Mayor Sylvester Turner, who spoke to an audience of HFB volunteers, partnering agencies and customers, identified with the Houston Furniture Bank's theme of charity. During his time at Harvard Law School, he needed a mattress and all he could afford was one from Goodwill, he said.
"I came to say thank you to the Houston Furniture Bank for stepping up when the City of Houston needed organizations to do so," he said.
'Like a phoenix'
The nonprofit began in 1992 as a pilot project aiming to help 140 families under the Mental Health Mental Retardation Authority of Harris County. When Executive Director Oli Mohammed realized its potential, he proposed creating a furniture bank to serve the community. In 2003, the furniture bank became an independent agency, and it opened its first outlet in 2008.
Through partnerships with over 85 agencies, it serves between 100 and 150 families a month - an effort that was stalled by the devastating fire at the Hussion warehouse. At the time, Mohammed, promised the nonprofit would rise from the ashes "like a phoenix."
"I knew that there were poor people in America, but when I saw the condition that people were living in, it was unacceptable," said Mohammed, who arrived in Houston from Bangladesh in 1987. "That challenge, that unfilled need. It's very understandably prevalent. If you want to see it, you see it. And it's a condition that doesn't need to exist. That's the point. That's what keeps me going, the thought that 'This is not something that needs to happen.' "
About 600,000 mattresses going to landfills and 300,000 children sleeping on floors would seem to fit in his home country, Mohammed said. In America, it doesn't make sense.
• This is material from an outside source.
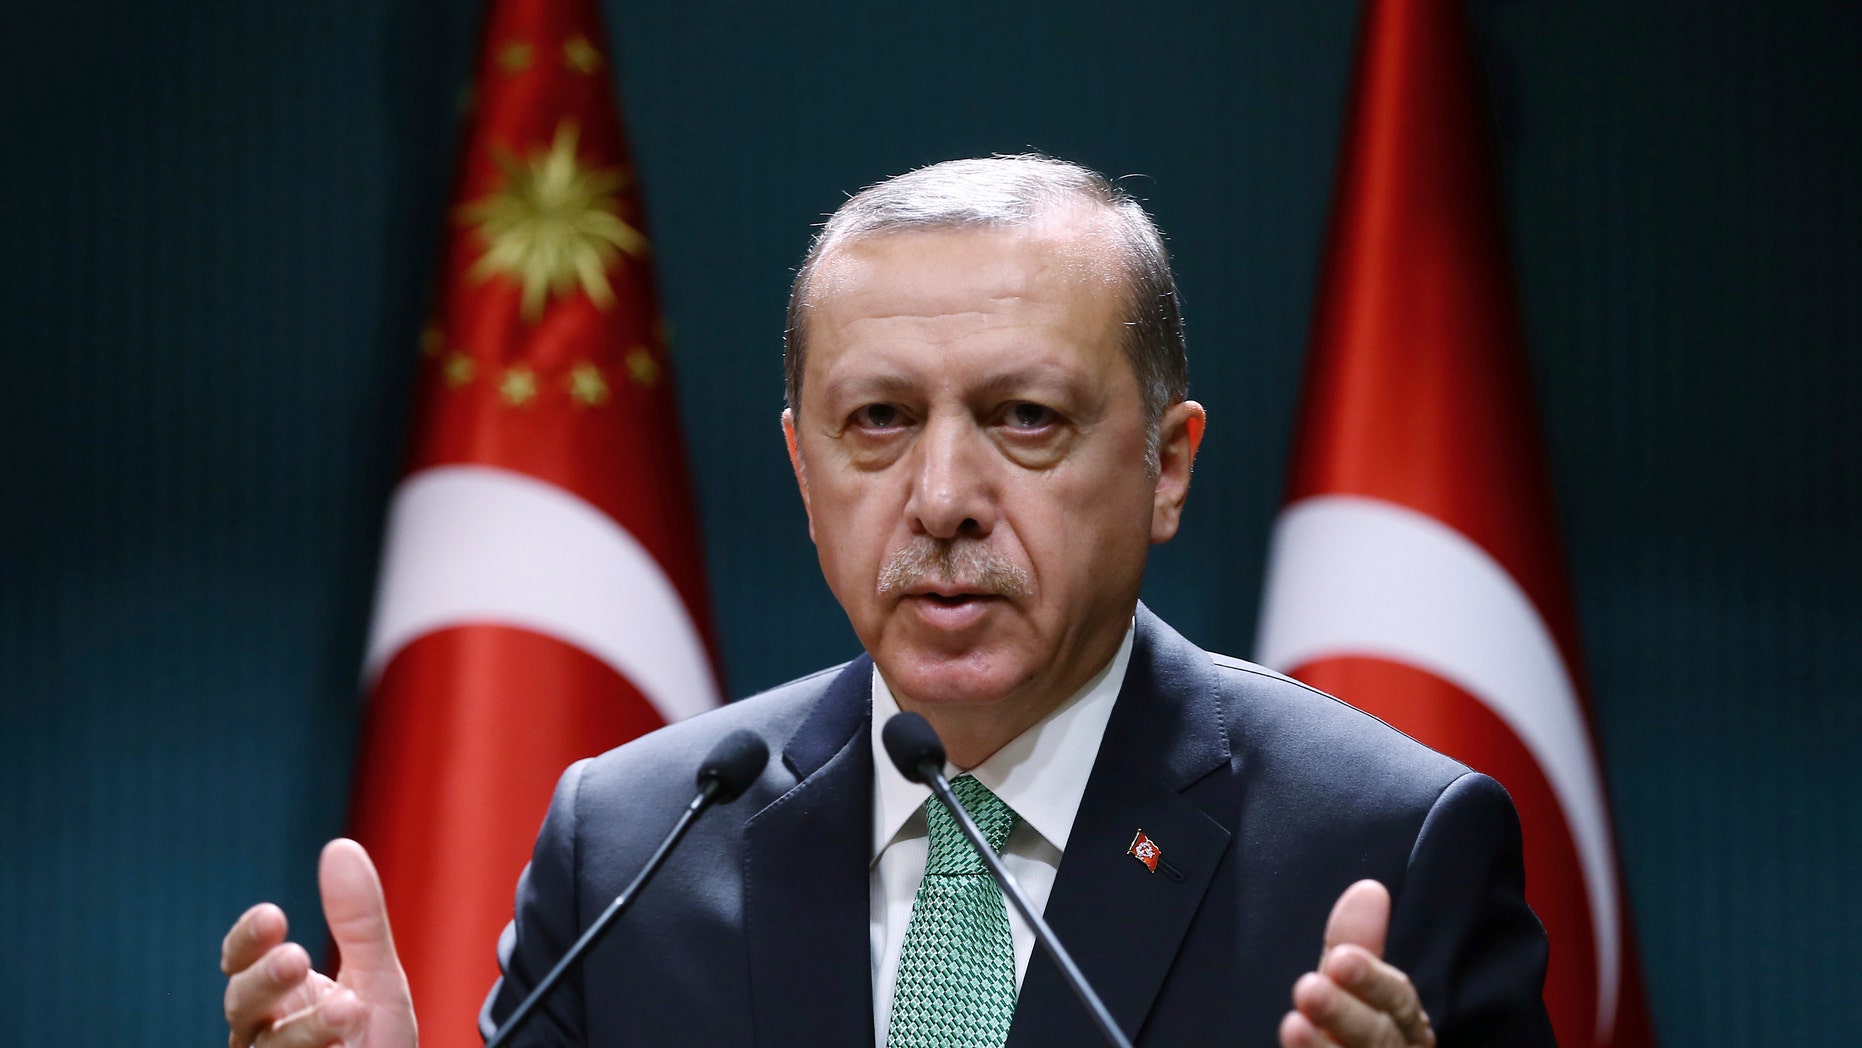 Turkish elections Sunday will create a problem for the world a reelected President Erdogan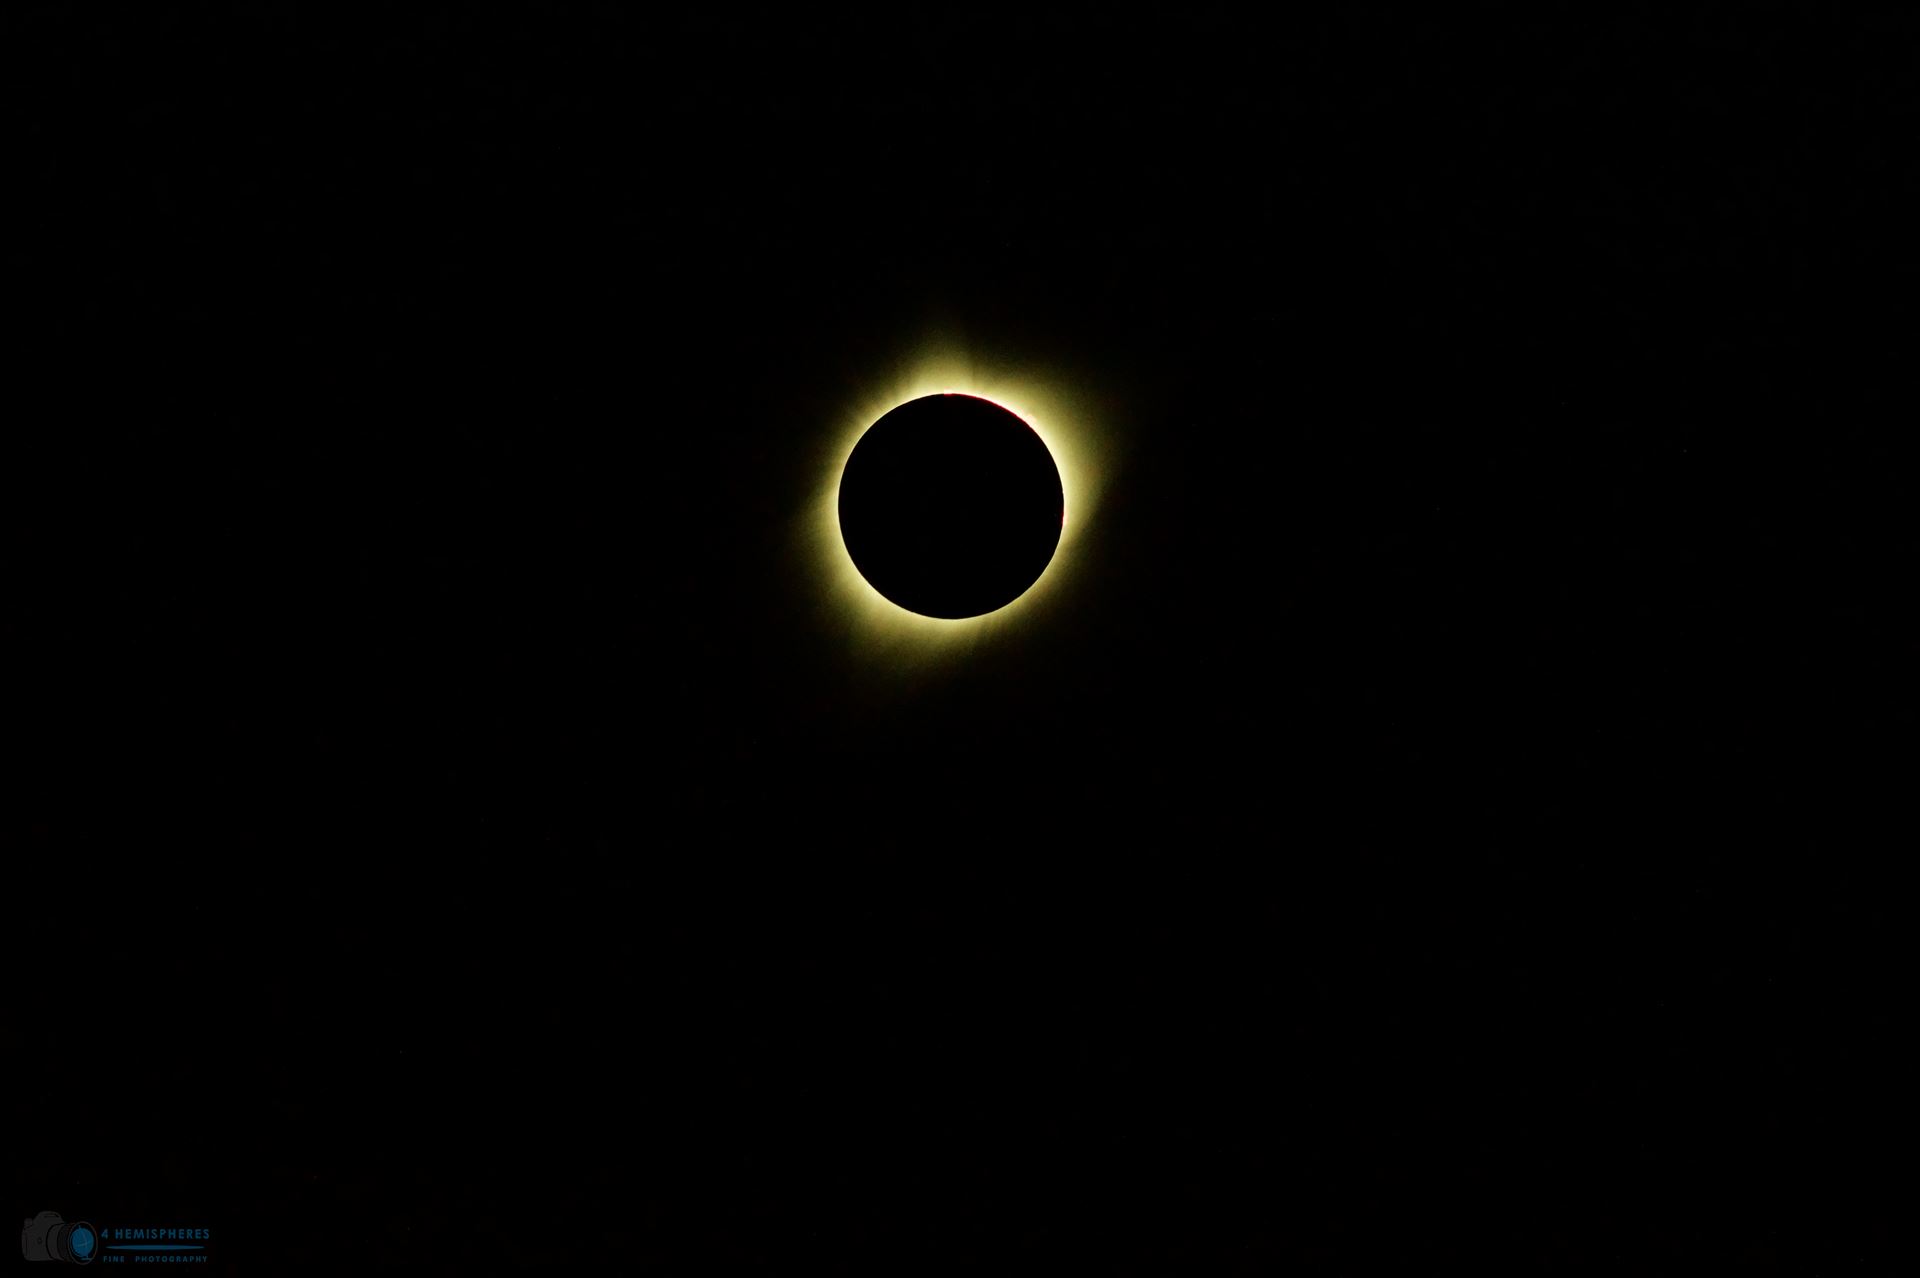 Corona 2 The corona and its flares remain visible throughout totality.  by 4 Hemispheres Photography

The furniture bank's Designing Interiors - Volunteers At your Service, or DIVAS program, is the creative arm of the nonprofit that transforms local families' homes with donated items.
Challenging stigmas
DIVAS member Connie Hizem said they interview the family like an interior designer would, finding out their needs and furnishing the home accordingly.
"The first house I went to, when we were finishing the apartment, it was interesting because they had this little boy - he was 5 - and there were no books in the house," Hizem said with regret. "Last Friday, we went in with a woman and she had a newborn baby, she was 8 weeks old and premature, and I brought books for the baby."
Founded in 2003 by two Houstonians looking to help the community, the DIVAS soon joined forces with the Houston Furniture Bank.
Member Connie Page said she'll never forget the home she furnished for a veteran who moved to Houston to help her mother afflicted with Alzheimers.
"My husband passed away a couple of years ago. We would always donate furniture and clothing and do what the DIVAS are actually doing now," Page said. "I used to always say to my husband before he died, that that's what we should do - help other people - and I'm so happy to be doing it now, even though he can't see it."
Hizem said the stigma surrounding poor people is something that is immediately challenged by the work. After helping a client in need, she goes home and hugs her children.
"You can't imagine that feeling. We're ridiculously lucky," she said.